Across the country, MuckRock has tracked new legislation in Colorado and Kentucky and what’s next for public records laws in New Jersey, Utah and Arkansas.

Want to know how open your local government is? MuckRock provides guides for each U.S. state and territory, including average response time to a request, whether public records laws apply to the state’s executive and legislative branches and more.

Louisiana

What the bill would do:

Louisiana House Bill 461 would limit public access to a local government’s “active” negotiations in economic development projects.

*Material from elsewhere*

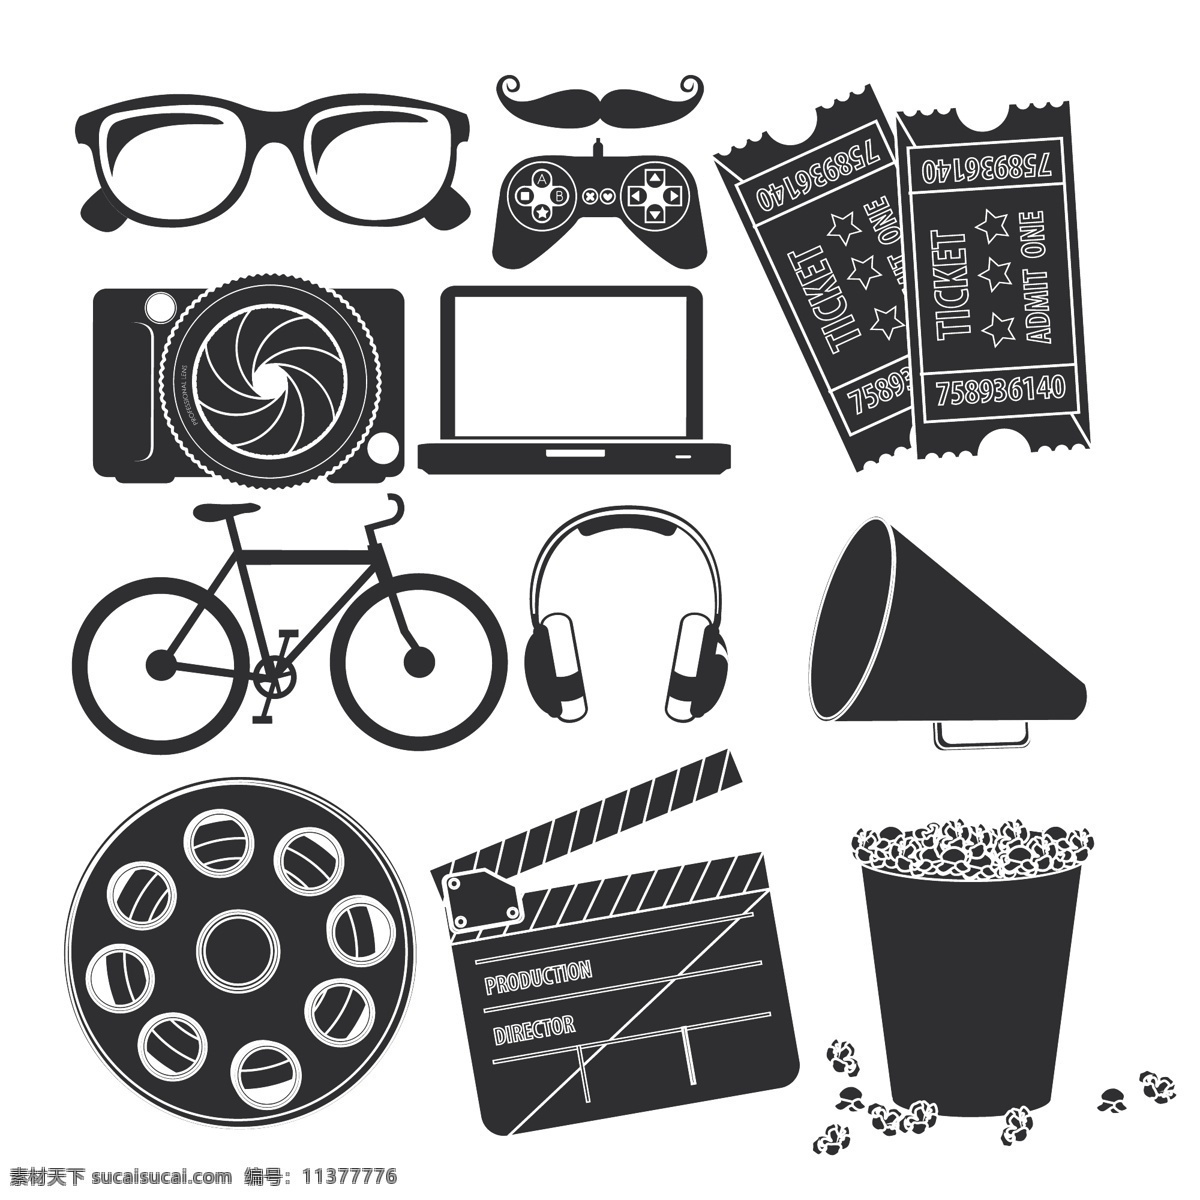 卡通 生活用品 插画 眼镜 胡子 电影票 自行车 耳麦 扬声器 场记板 潮人图案 背景 生活百科 矢量素材 白色

The exemptions from Louisiana’s public record law would include “certain documents related to economic development negotiations by local government” and allows the documents to be deemed confidential if a person or a company “requests such confidentiality in writing detailing the reasons such person requests confidentiality and asserting that the negotiation is conditioned in whole or in part on the maintenance of such confidentiality.”

The bill would also exempt “records of expenses of the local government pertaining to the negotiation … until the negotiations are concluded.”

The local government would also be required to notify the public about the agreement of confidentiality. The government would have to “publish on its website and in its official journal a notice containing general information regarding each negotiation to which records are confidential” and would be required to publish “no later than ten days after the determination of confidentiality.”

Why it was introduced:

Introduced by state Rep. Steven Jackson (D-Shreveport), House Bill 461 “provides for the confidentiality of documents related to local and parish economic development projects.”

Jackson told the Louisiana Illuminator that he sponsored the bill because “when he served on a local government board, consultants from other jurisdictions would file public records requests to find out what incentives they were offering a business.”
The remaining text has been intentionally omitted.